Circle of JAN FYT (Antwerp, 1611-1661).
"Still life".
Oil on canvas.
Relined.
With label on the back of the Artistic Recovery Service of the Civil War.
Measurements: 82 x 110 cm; 95 x 120 cm (frame).
Following very closely models of the great Flemish painter Jan Fyt, in this painting of remarkable workmanship shows us a composition in which coexists a singular mixture of rest and drama. Being the instant after the hunt, it conveys the feeling that the game (dead birds and a rabbit head down) still retain the warmth of life inside. The light falls on the dead and still soft and warm fur, caressing the textures, revealing them little by little, making them emerge from a dark background. The rabbit, by its dramatic pose and proportions, draws our gaze above the other pieces, though each element is strategically placed to shape our emotions: the glitter of the black and white grapes, the red of other pieces of fruit contrasting in the white plumage and the exposed belly of the rabbit. The rabbit's open, red eyes are subjugating, spurring humanistic readings in the viewer. The latter was also characteristic of the work of Jan Fyt, who despite being in the wake of Frans Snyders, developed in this genre a very personal melancholic cadence. The heroic tone seen in Snyders is almost questioned in Fyt, whose reflective, ontological depth is balanced with a Rubensian virtuosity in the capture of textures and qualities, in the compositional dynamism that relates dramatic diagonals with calm gazes.

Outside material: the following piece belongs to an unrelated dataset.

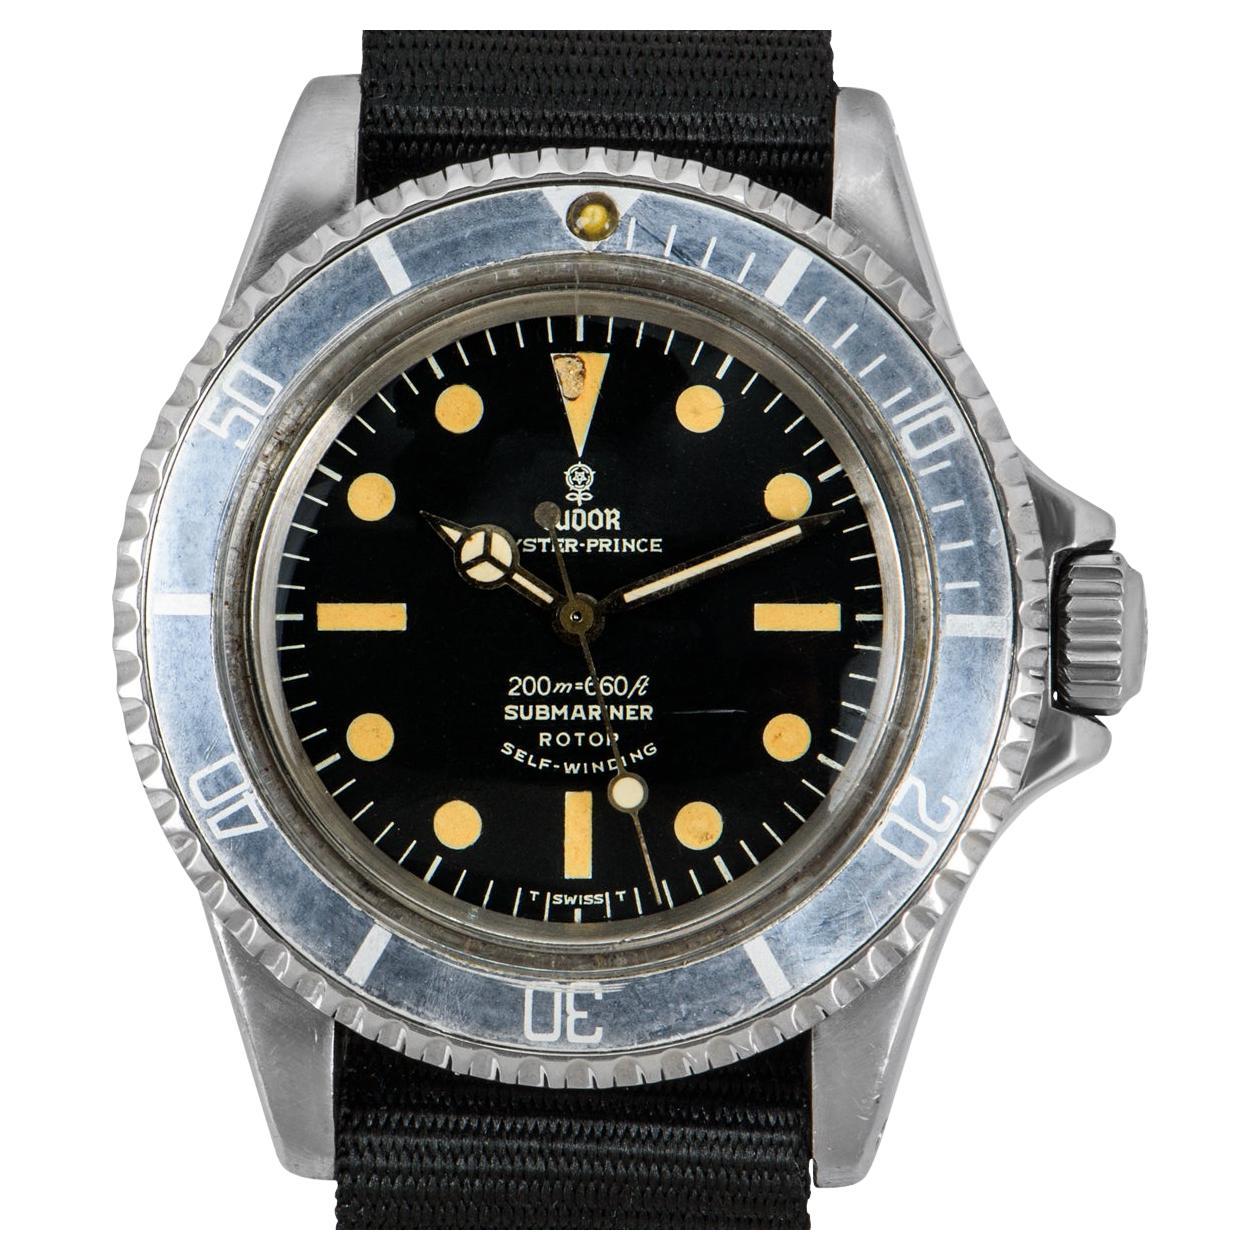 A vintage stainless steel 40mm Submariner by Tudor. Featuring a matte black dial with a stainless steel bi-directional rotating bezel with a black bezel insert. Equipped with a black nato style strap and generic pin buckle. The watch is further

Jan Fyt was a great Flemish painter, draughtsman and engraver, whose works are preserved today in the main art galleries of the world. His works hang in the halls of the Prado Museum, the Musée du Louvre, the National Gallery in London and the Hermitage.
Jan Fyt was initiated in the art of painting under the orders of Hans van den Berch, of whom he was a disciple around 1621. However, his great master was Frans Snyders. He reached the rank of master of the Painters' Guild of St. Luke in Antwerp around 1629-1630, although he continued to work for Snyders for some time. In the seventeenth century, collectors such as the Marquis of Carpio or the Count of Monterrey, already had works by Jan Fyt, but it would be in the eighteenth century with Philip V and Isabella of Farnese, when most of his paintings in the Museum would be incorporated into the royal collection. The rest entered by donation in 1889, from the collection of the Duchess of Pastrana, an imitation of the aristocratic collections that endorsed the appreciation of the work of Jan Fyt in previous centuries. In the representation of flowers he also achieved great mastery, especially through the chromatic hallmarks between the flowers and the ochers of the environments where he places them. In addition to his canvases, Fyt is known for a large body of drawings and engravings, in which he used the same characteristics and manners as in his paintings. He had a great influence on the still life painting of later years, especially through his pupils, Peeter Boel and David de Conick.